Here in CO today the high is 62, and you would think it was fall around here as cold and wet as it is. I have to say that I am loving it. I know they also said on the news that the stores were getting special shipments of fans and things. An Ace hardware had 220 fan come in and they were sold in 10 minutes.


----------



## bheila (Jan 10, 2009)

I'm hating this weather :help: I've always loved Fall!! Thankfully I'm getting the RV ready to go camping and we've been staying in there since it has A/C. The goats have been taking the heat pretty well. The dogs on the other hand think they're dying.

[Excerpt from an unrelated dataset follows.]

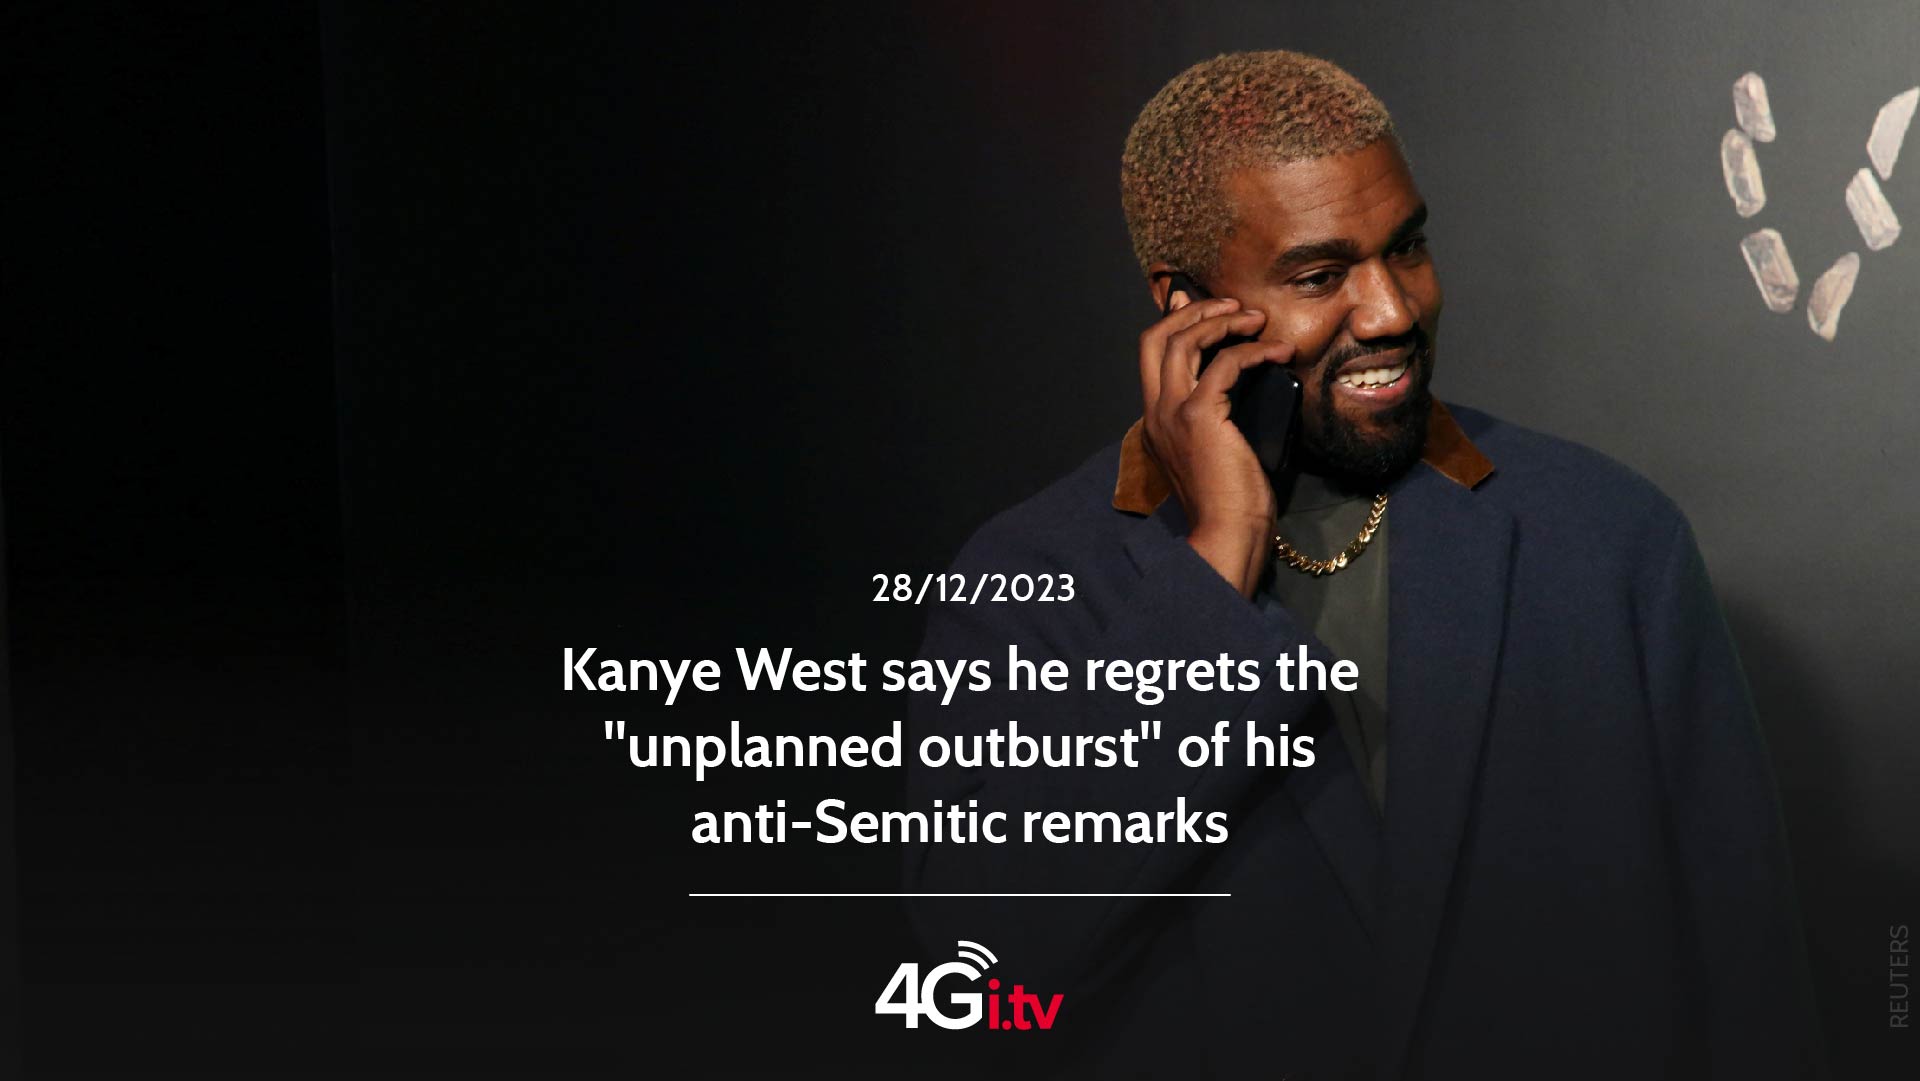 Подробнее о статье Kanye West says he regrets the “unplanned outburst” of his anti-Semitic remarks

I would love some 60 degree weather right now.


----------



## nancy d (Oct 5, 2007)

107 yesterday downtown Snohomish!!! That's unheard of! 30mi north of Seattle.


----------



## capriola-nd (Jul 6, 2008)

It's 97* here now, so cooled down quite a bit from yesterday and the day before. Thank goodness.


----------



## KW Farms (Jun 21, 2008)

107 in Snohomish!! No way!! My gosh...I have never heard of it ever being that hot! I think it hit about 102 here today.


----------



## nancy d (Oct 5, 2007)

Fraid so KW, I wouldnt have believed it either but for todays newspaper with a pic of the temp.
Gotta say Im thankful for no mud. 
And ya'all have permission if I complain about the cold & rain this winter to give me the frying pan on the head.


----------



## sparks879 (Oct 17, 2007)

Lol isnt that the truth. Us washingtonians just cant seem to be happy huh? we complain about the rain and snow and long winters....then it gets hot and we complain.
LOL
beth


----------